Children with cleft lip and palate often have other associated malformations. The reported incidence and types of associated malformations vary between different studies. There is a great paucity of literature on the subject from the region in general and none from Pakistan at all. The purpose of this study was to assess the frequency of associated malformations, particularly congenital heart disease, in children with cleft lip and palate presenting to the Aga Khan University (AKU) and Murshid Hospital (MH). From 1st October 1999 to 31st March 2002, all children with cleft lip and palate who presented to AKU and MH were prospectively enrolled in the study group. Socio-demographic characteristics and a number of other variables were documented. All children underwent a thorough clinical examination and an echocardiogram as part of the study protocol. 123 children formed the study group. Thirty-five (29%) of these children were found to have associated malformations. The most common of these was congenital heart disease, which accounted for 51% of all associated malformations.

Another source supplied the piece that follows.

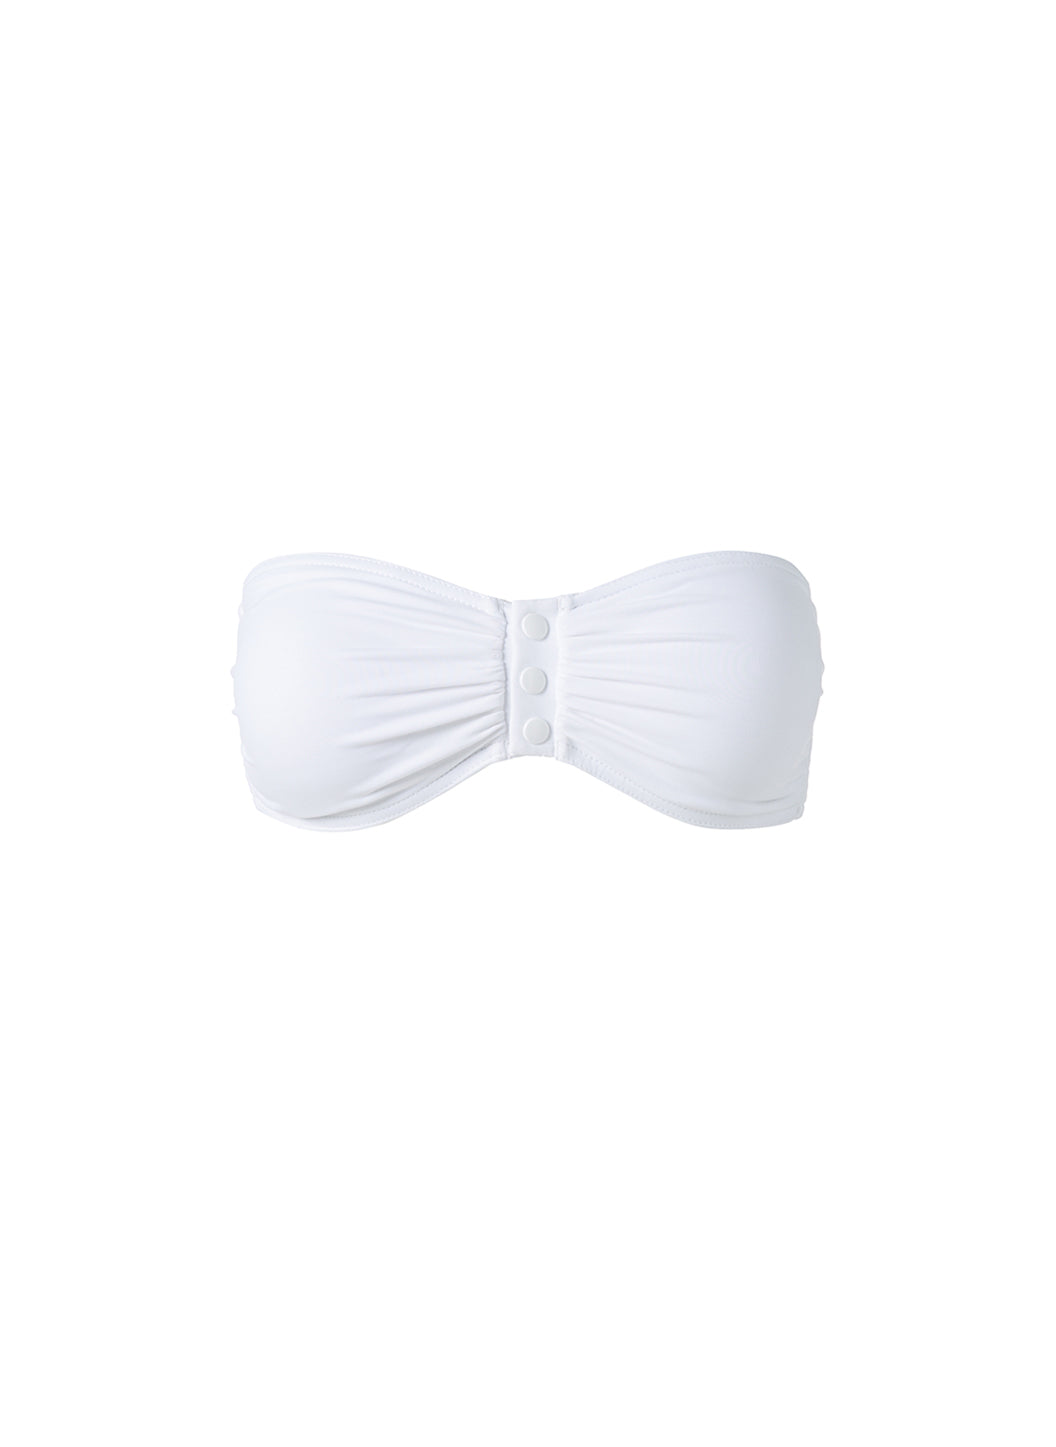 eze-white-bikini-top_cutout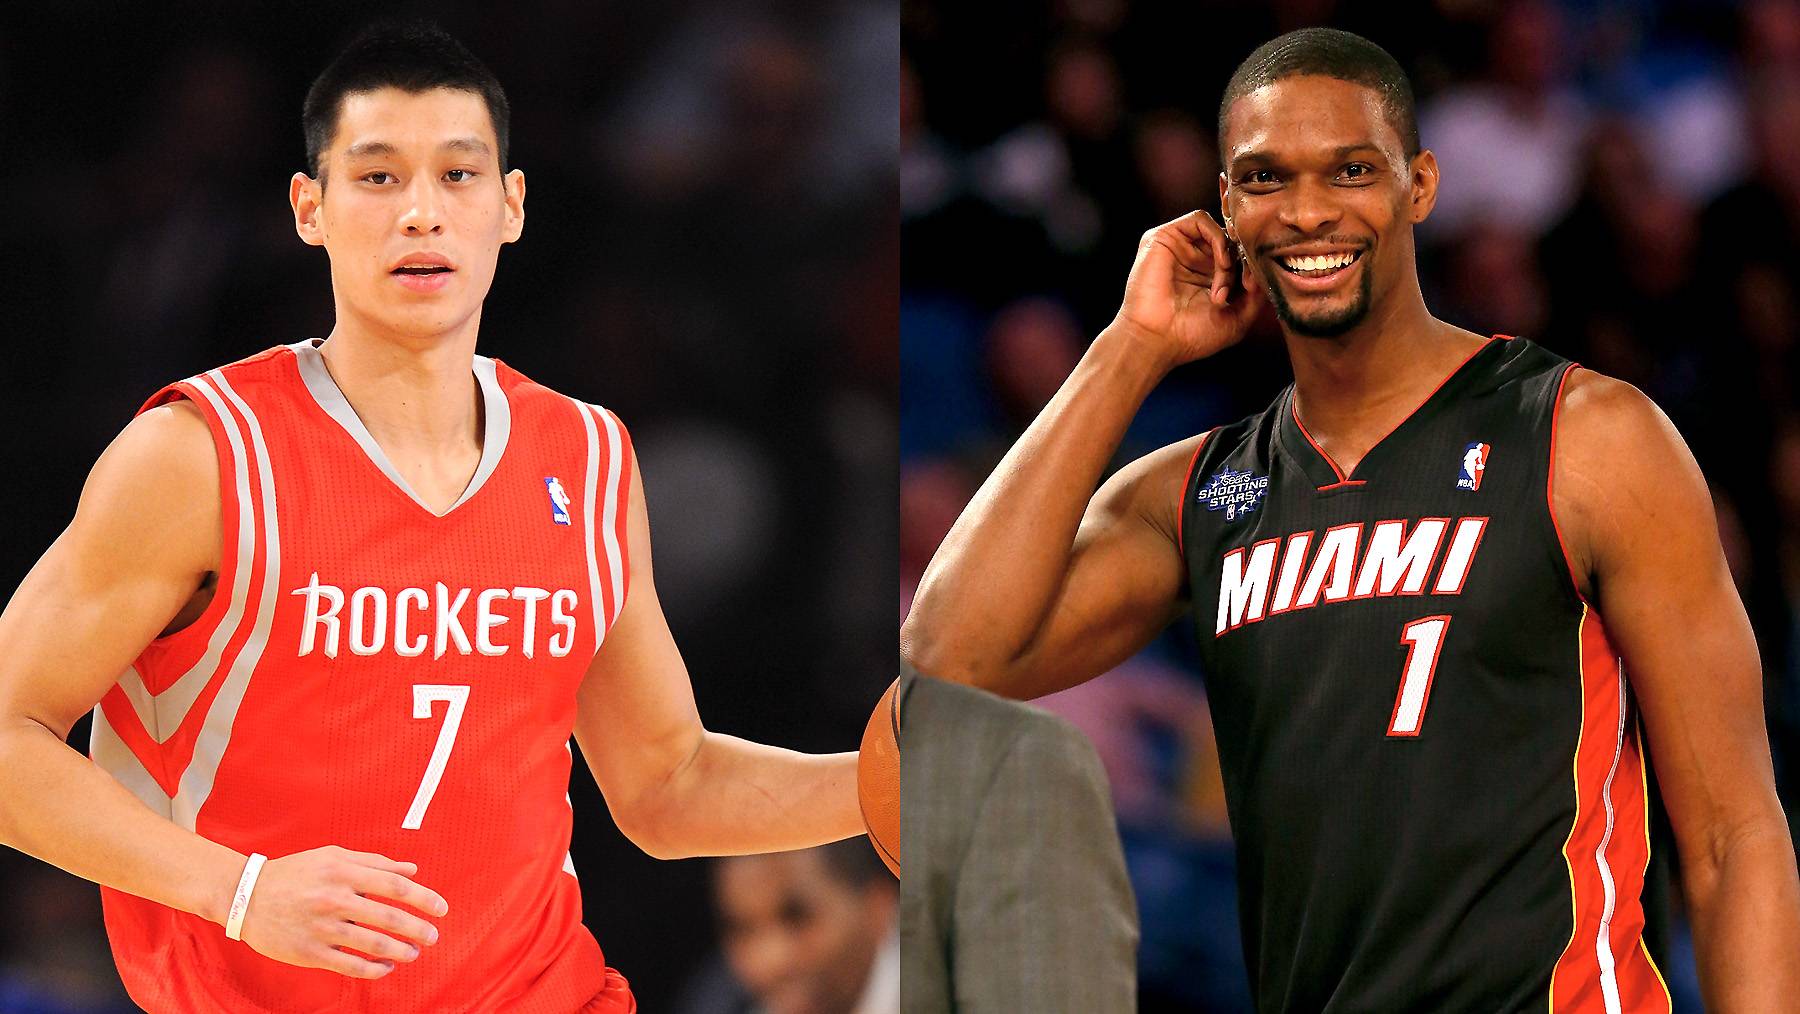 LeBron James of Miami Heat tops NBA jersey sales as Jeremy Lin falls away, NBA

Thirty percent of cleft palate children had associated anomalies while 27% of cleft lip, with or without cleft palate, children had associated anomalies. There was a significant association between children born of a consanguineous marriage and the risk of associated malformations (p-value: 0.001). Consanguinity was present in 74% of children with associated anomalies as compared to 40% of children with no associated anomaly. Dysmorphic features and the presence of associated anomalies were also significantly associated (p-value: 0.009). Dysmorphic features were present in 46% of children with anomalies as compared to 21% of children with no associated anomaly. Fifty percent of children with associated anomalies had a low birth weight compared to 34% of children with no anomalies, but the difference was not statistically significant. The presence of consanguinity in a child with dysmorphic features should raise the suspicion of an associated anomaly. The likelihood of this being a cardiac defect is high and should be ruled out with a thorough clinical examination, supplemented with an echocardiogram in certain cases.